[Data extract]

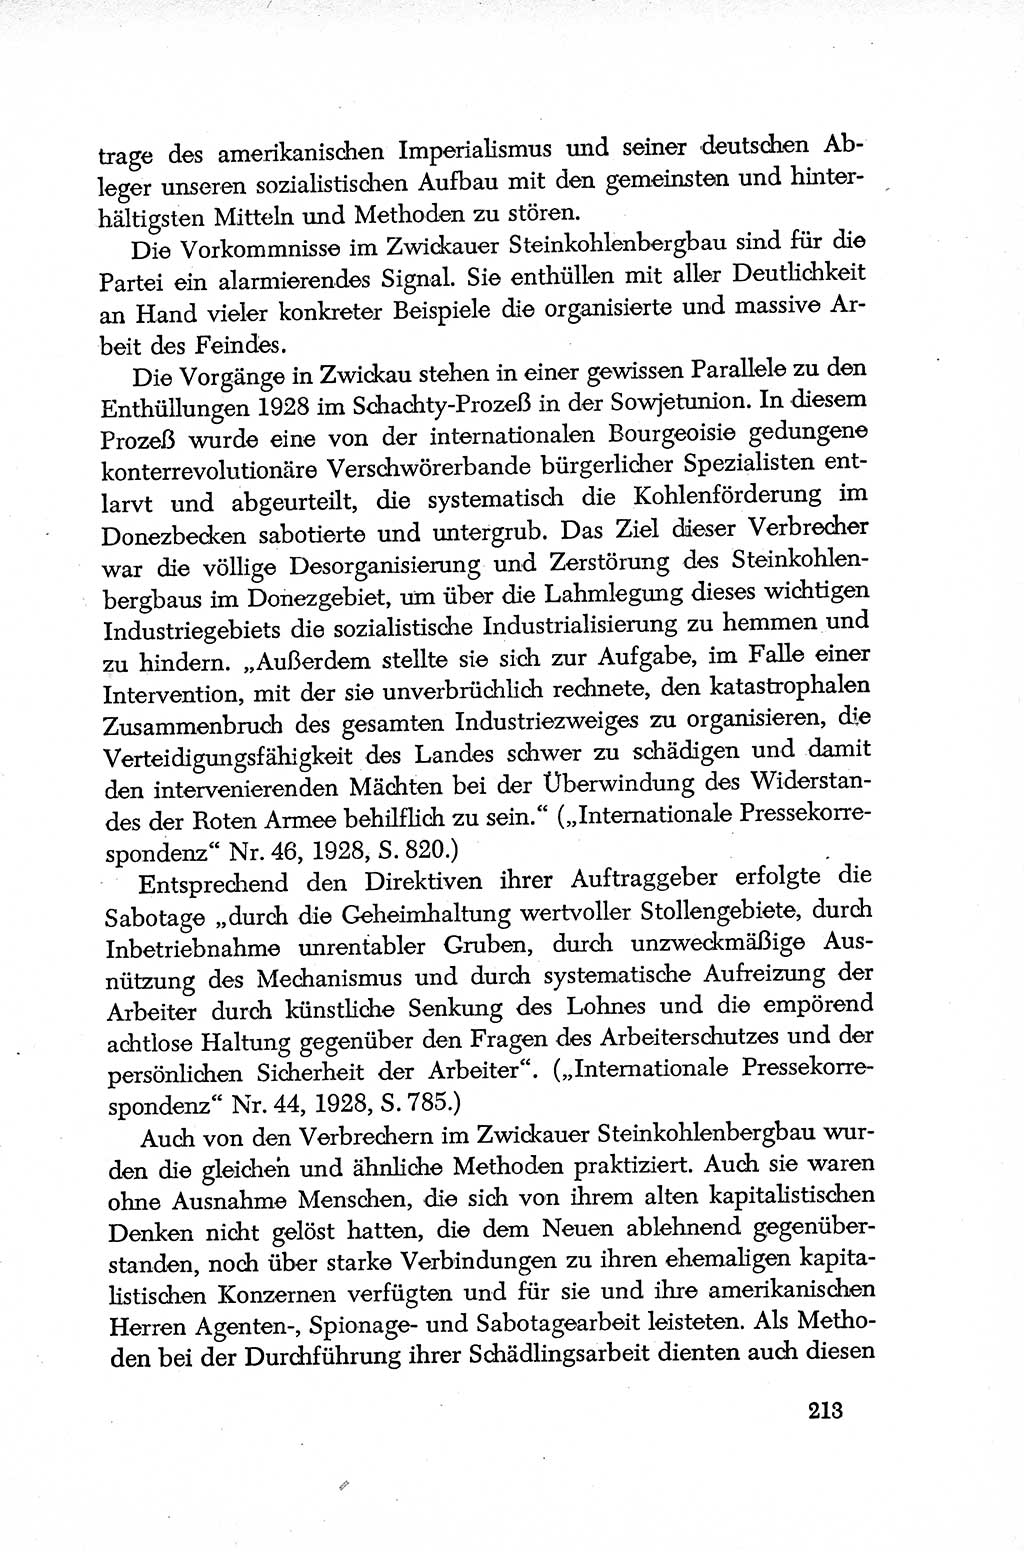 Dokumente der Sozialistischen Einheitspartei Deutschlands (SED) [Deutsche Demokratische Republik (DDR)] 1952-1953, Seite 213 (Dok. SED DDR 1952-1953, S. 213)
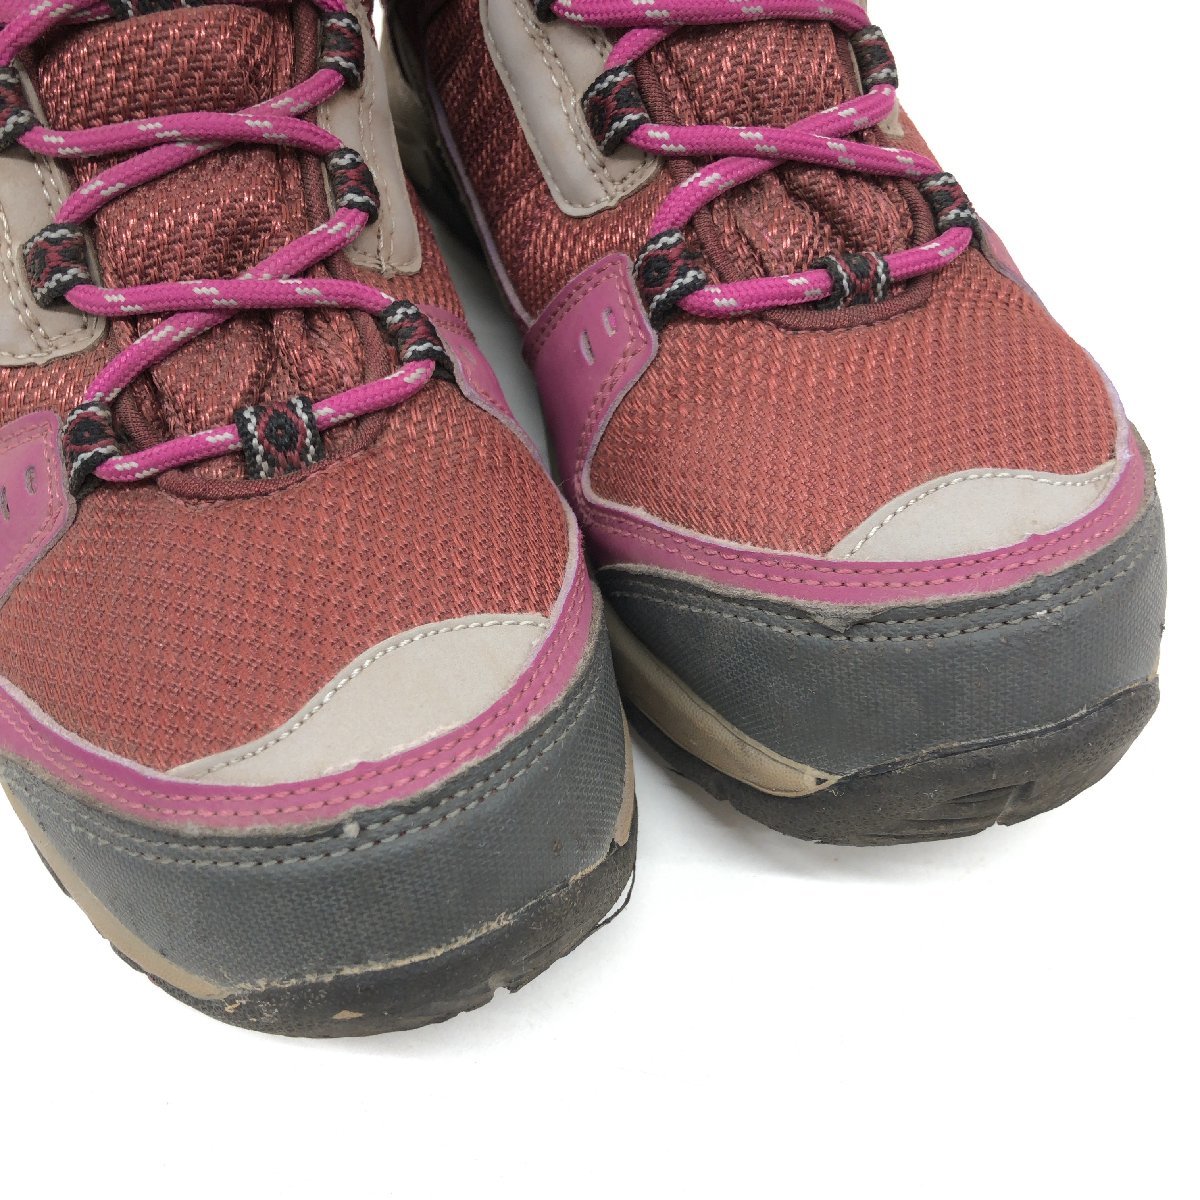 ●HI-TEC ハイテック ウォータープルーフ トレッキングシューズ 22.5cm ピンク系 アウトドアシューズ 登山靴 ハイキング レディース 女性用の画像9
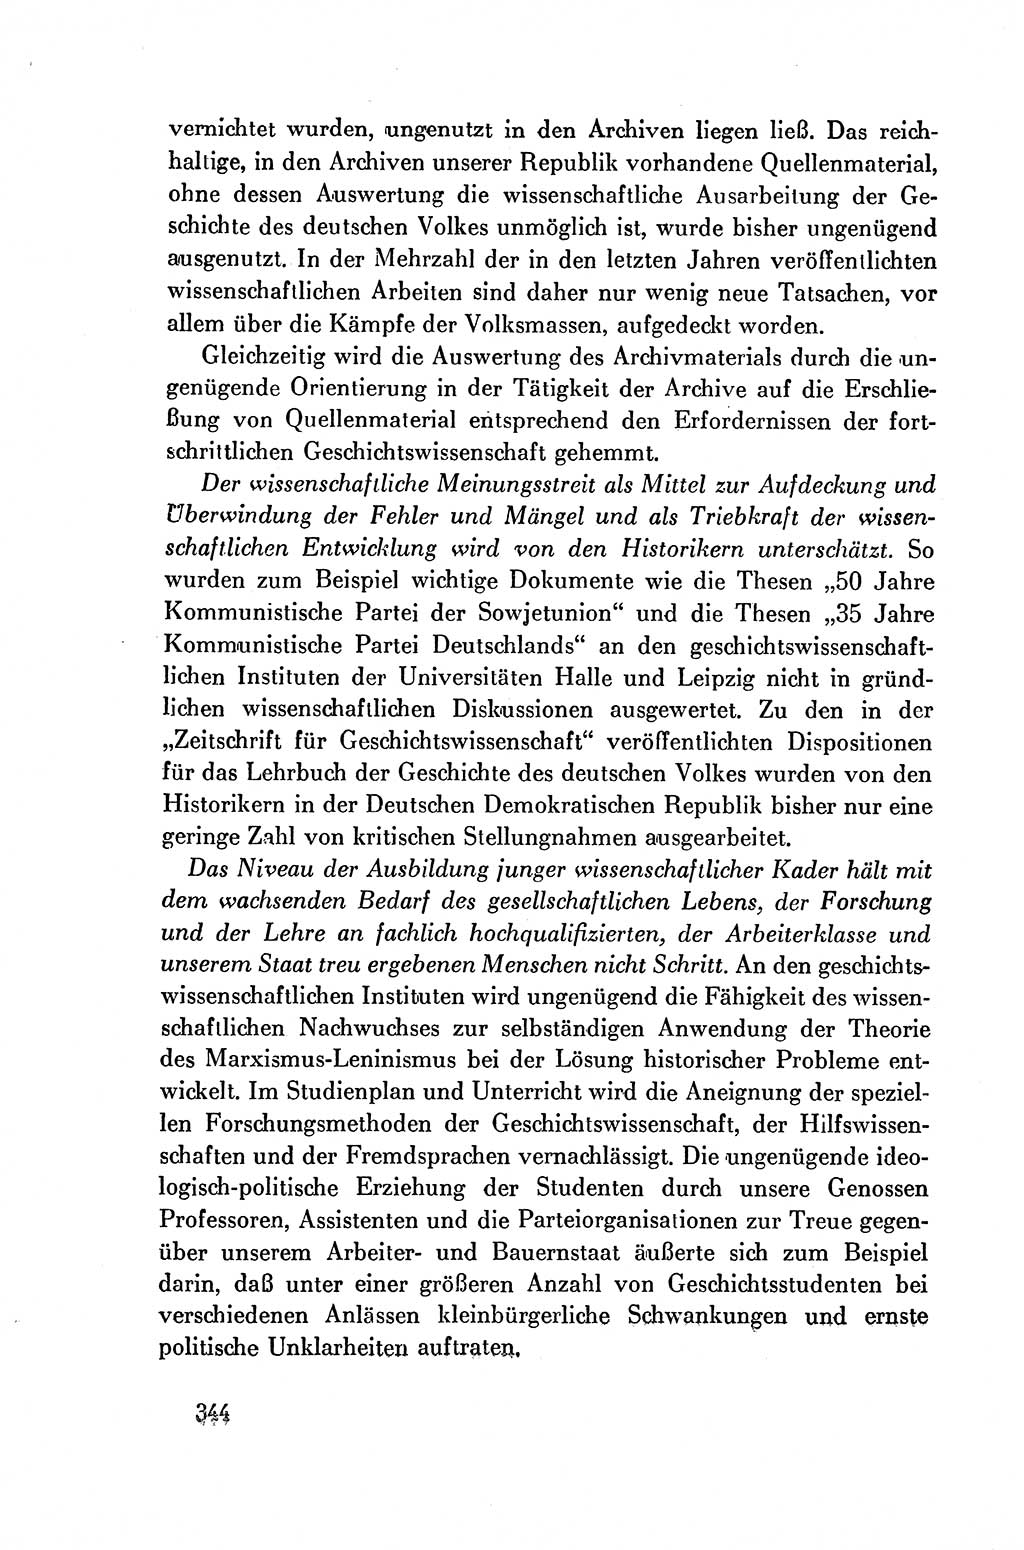 Dokumente der Sozialistischen Einheitspartei Deutschlands (SED) [Deutsche Demokratische Republik (DDR)] 1954-1955, Seite 344 (Dok. SED DDR 1954-1955, S. 344)
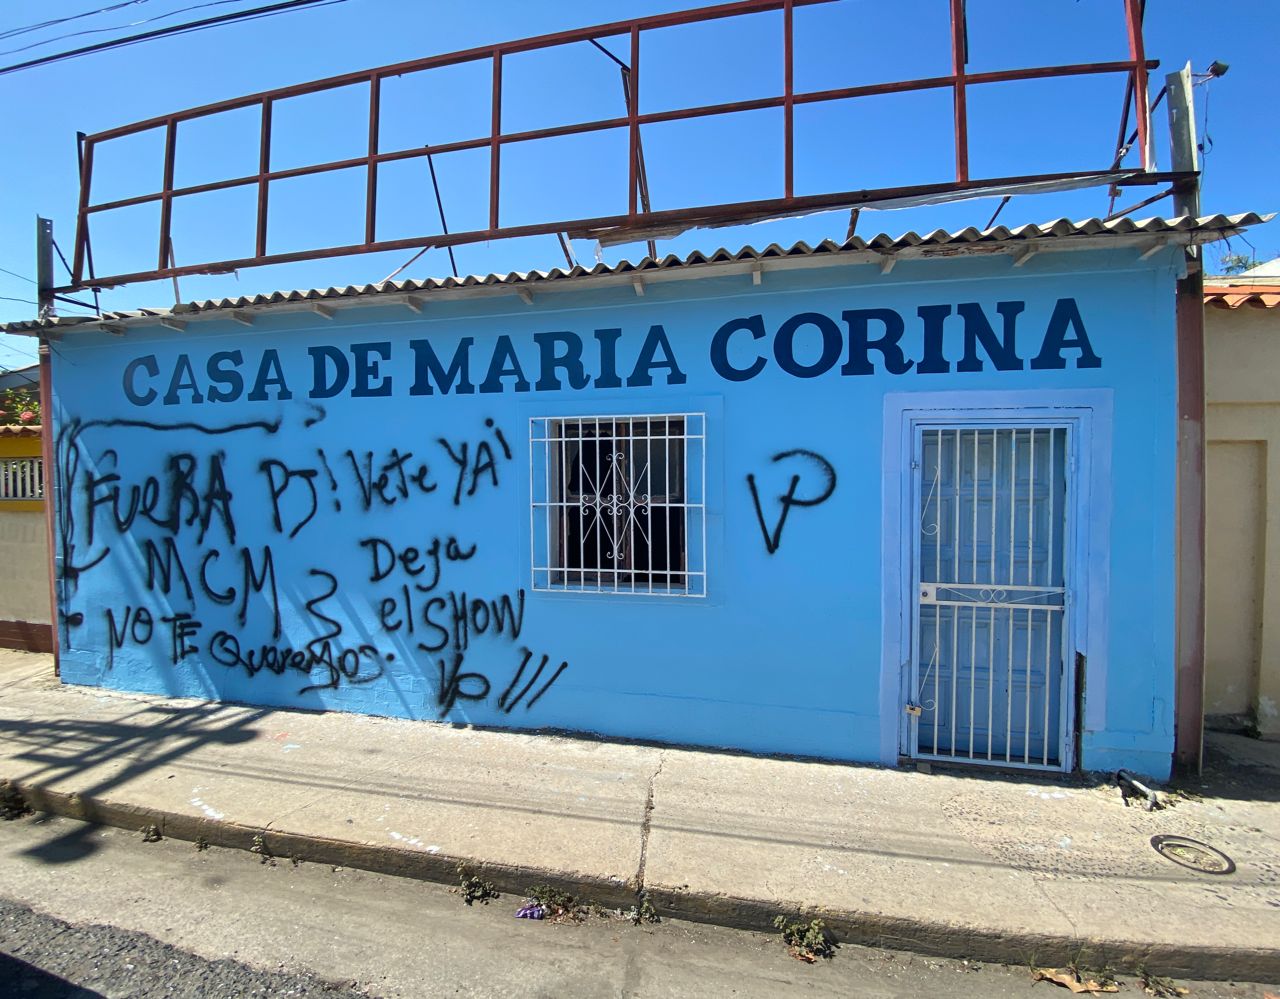 Rechazan actos vandálicos contra la sede del comando de campaña de María Corina Machado en Sucre
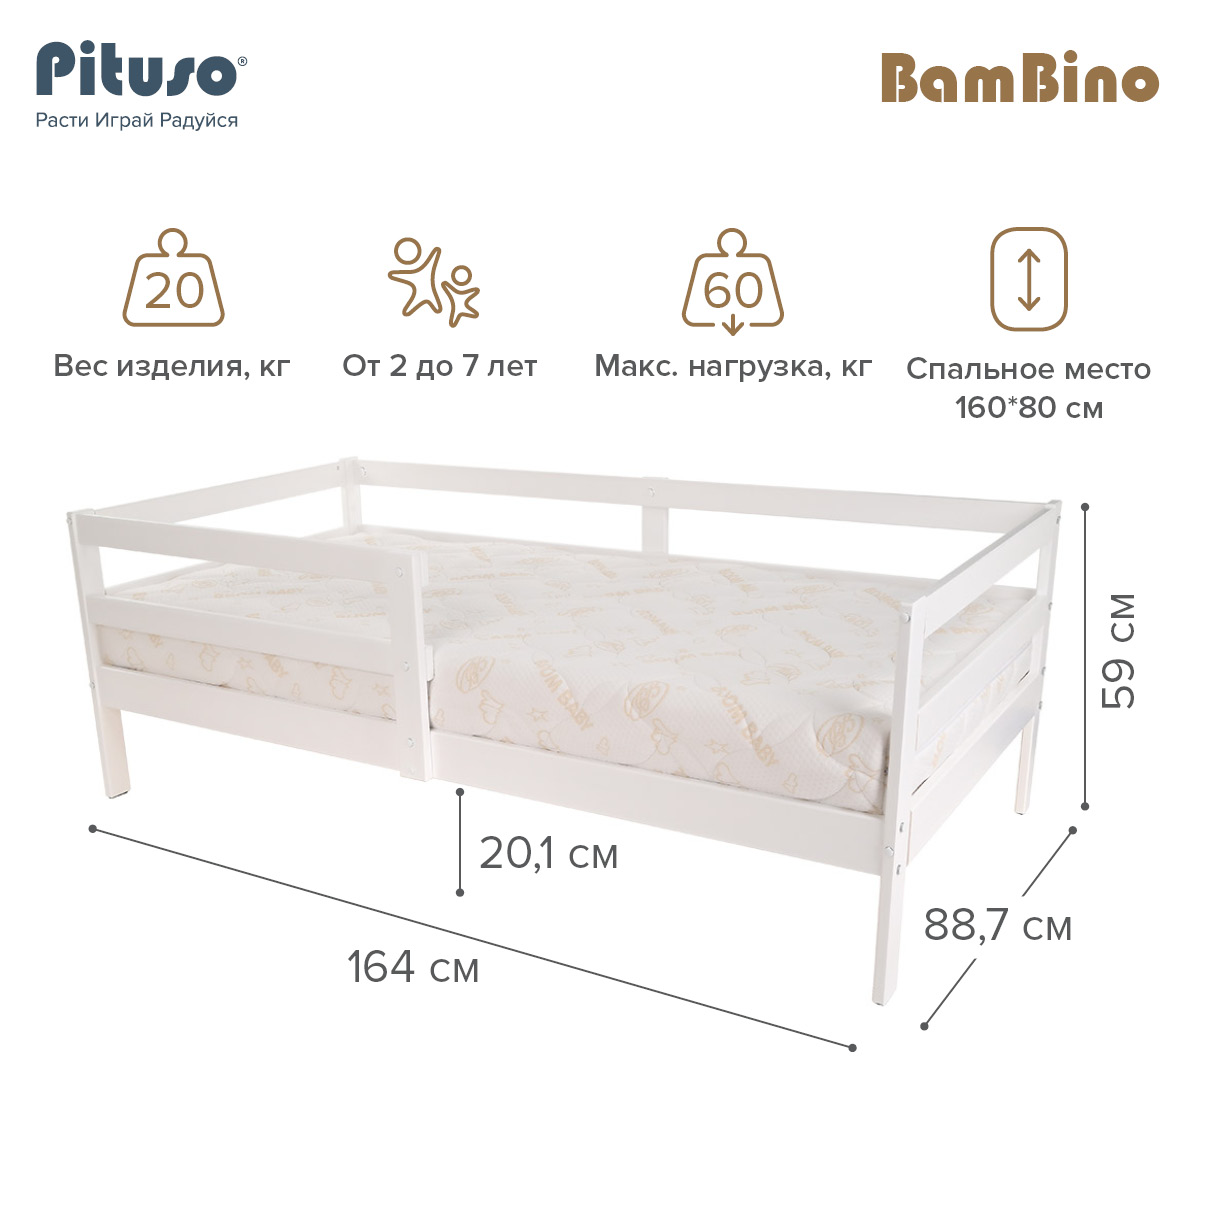 Кровать подростковая Pituso BamBino белый кровать подростковая pituso bambino белый

[/Data extract]

## [Aim of the exercise]
Nothing but the lines from the line containing "Rechazan actos vandálicos" through the last line of the records above should be written out, exactly and without the pictures.

## [Solved exercise]
 Rechazan actos vandálicos contra la sede del comando de campaña de María Corina Machado en Sucre
 Кровать подростковая Pituso BamBino белый кровать подростковая pituso bambino белый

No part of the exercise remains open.